One of the perks of being a travel writer is you get to go to press viewings for upcoming exhibitions. While you don’t beat the crowds (hordes of journalists and hangers-on attend these things) you do get to see some great art for free. And if a show is disappointing, at least you didn’t have to pay for it.

I just went to the press viewing at the Tate Modern in London for “Damien Hirst,” a retrospective for one of Britain’s most famous contemporary artists. Hirst became hugely famous and wealthy in the 1990s as a leading figure in the Britart movement. His displays of preserved animals, dead flies, rows of pills and other studies of life and death polarized the artistic community. Critics either loved or hated his work and it became the center of that perennial and unanswerable question: “What is art?”

I have no idea what art is. I’ve heard lots of definitions, usually pontificated at me by some self-styled expert, and none of them have proved terribly convincing.
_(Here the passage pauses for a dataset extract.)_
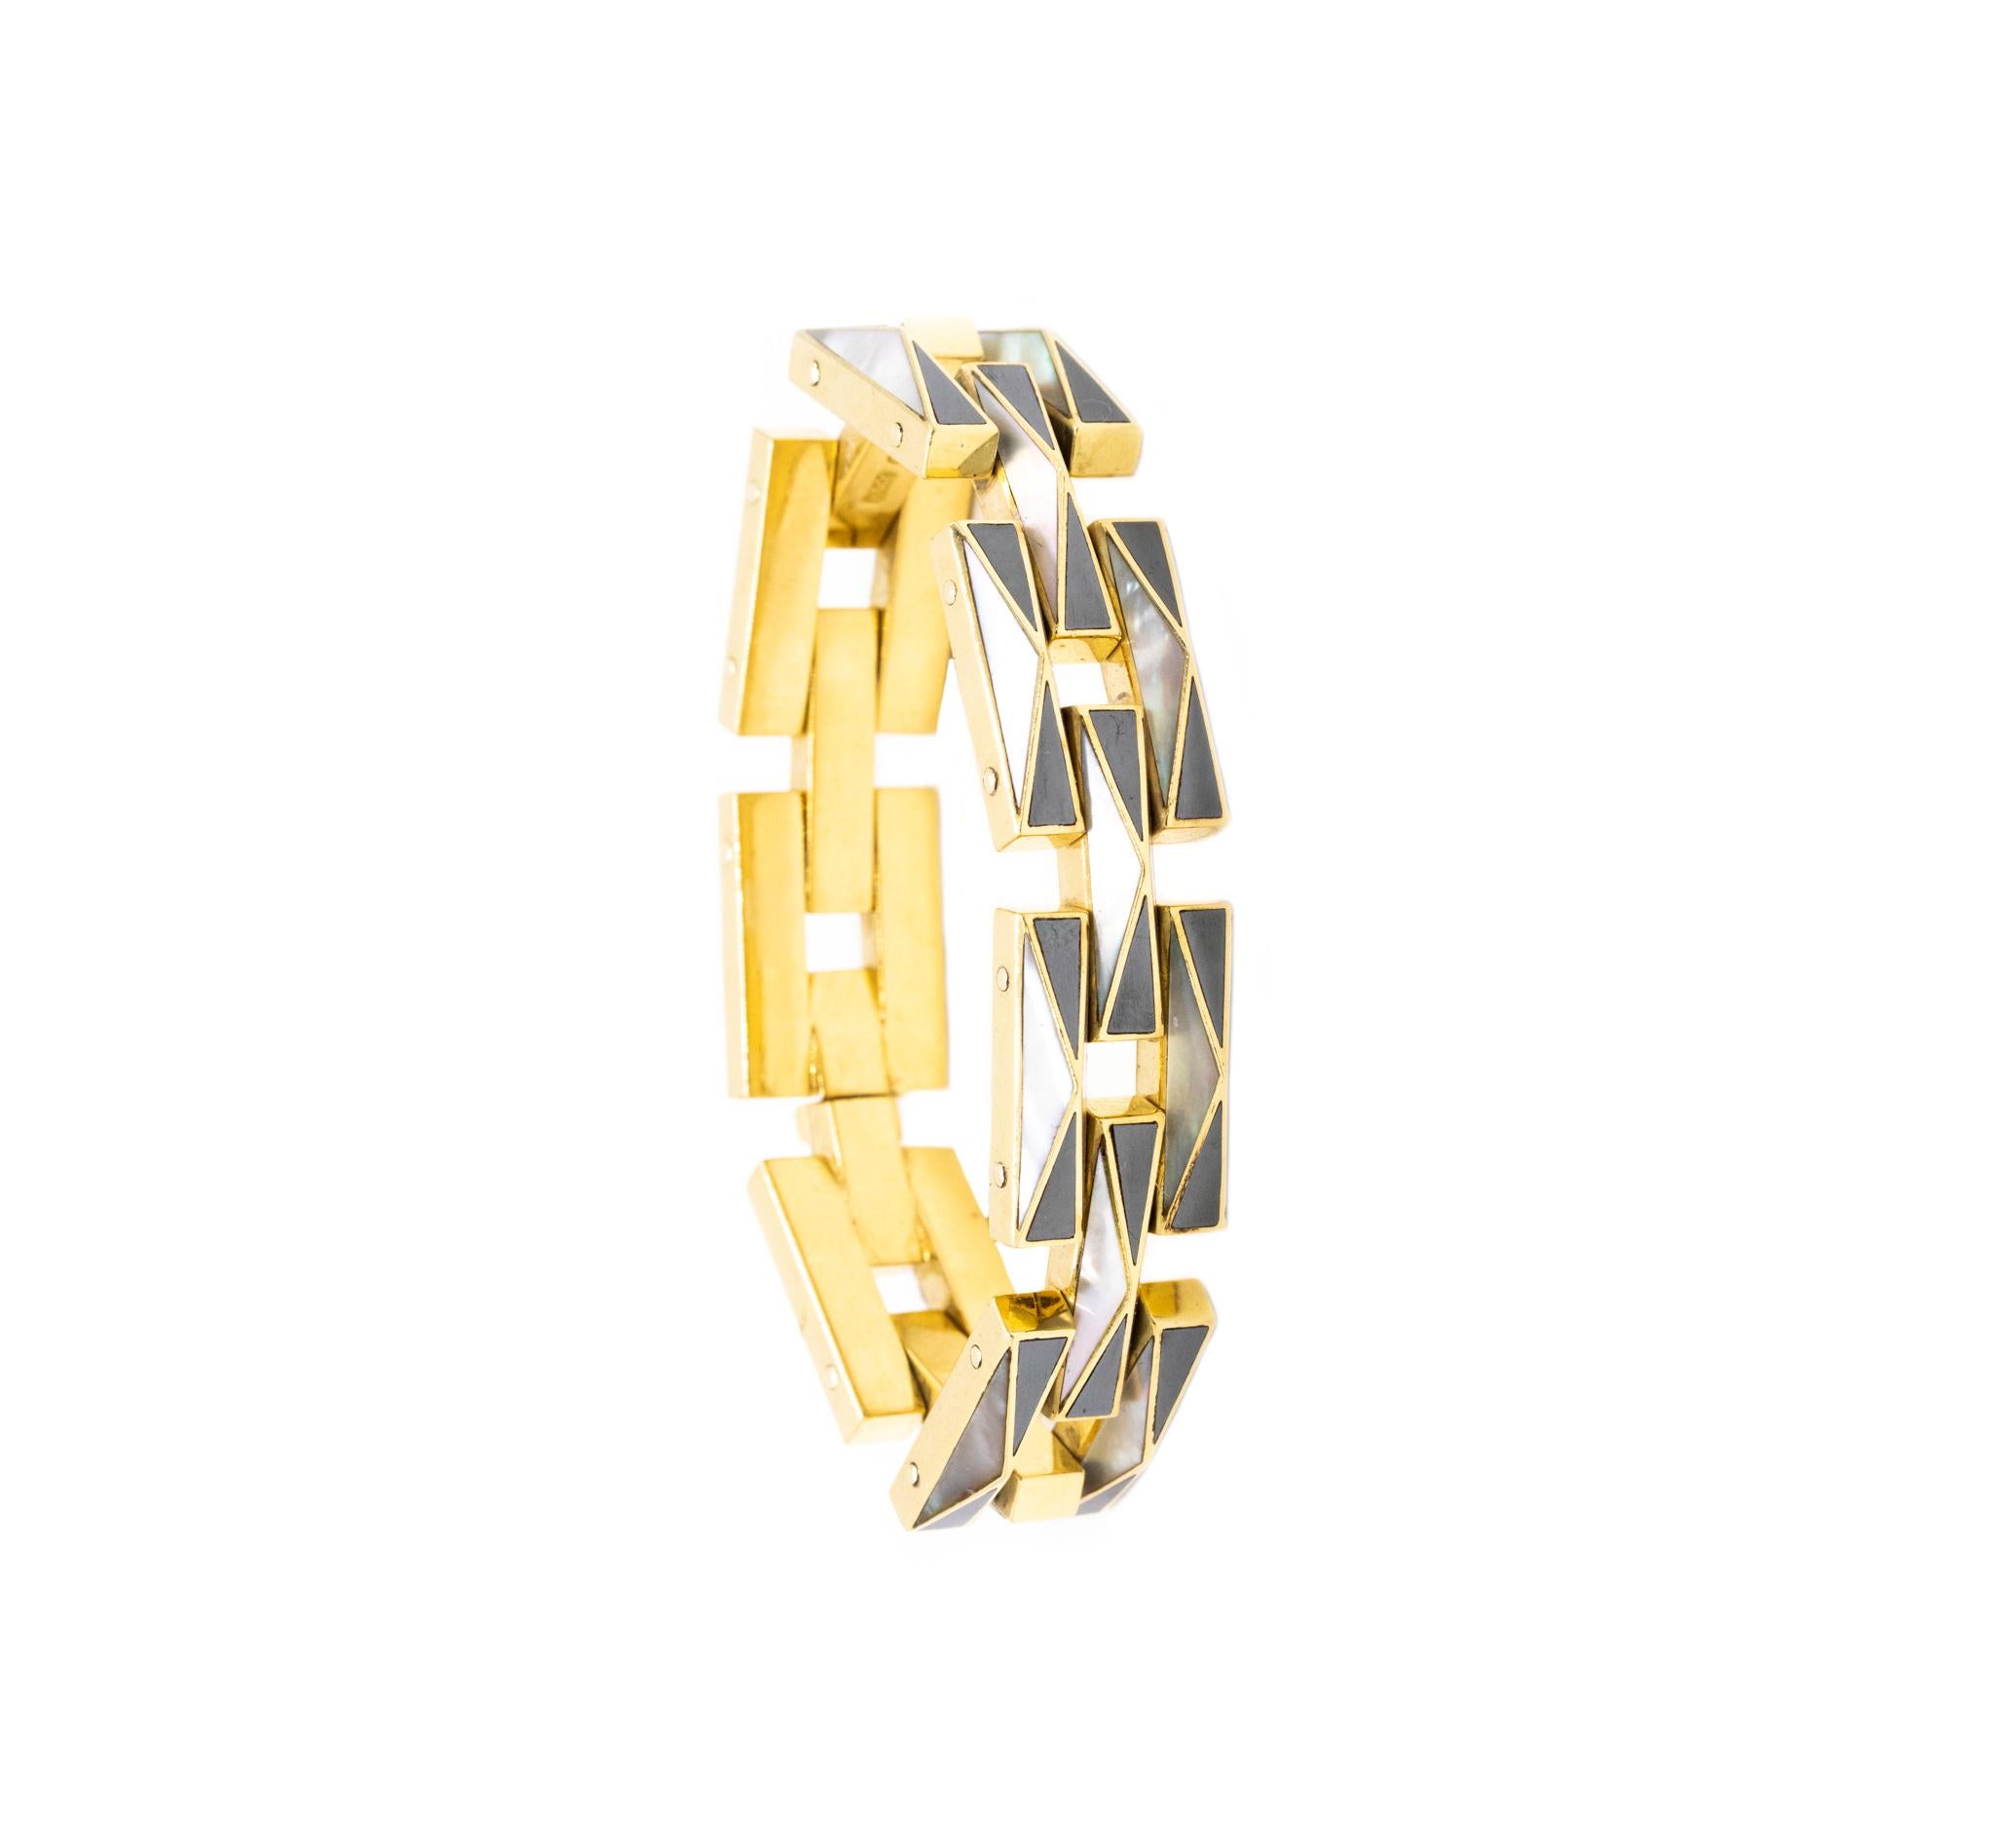 Geometric bracelet designed by Angela Cummings for Tiffany & Co..

A rare vintage bracelet, designed by Angela Cummings at the Tiffany & Co. studios in New York back in the1982. This one-of-a-kind bracelet was carefully crafted in solid yellow gold

For me, art is a visceral feeling, a reaction that I can’t entirely explain. To paraphrase the old line about pornography: I don’t know what art is, but I know it when I see it.

Sometimes.

Take one of Hirst’s most famous pieces, pictured above. This preserved shark is titled “The Physical Impossibility of Death in the Mind of Someone Living.” Is this art? To me it isn’t, since it didn’t give me any sort of gut reaction or make me see the world in a different way. If this is art, then every natural history museum is filled with art. And perhaps they are.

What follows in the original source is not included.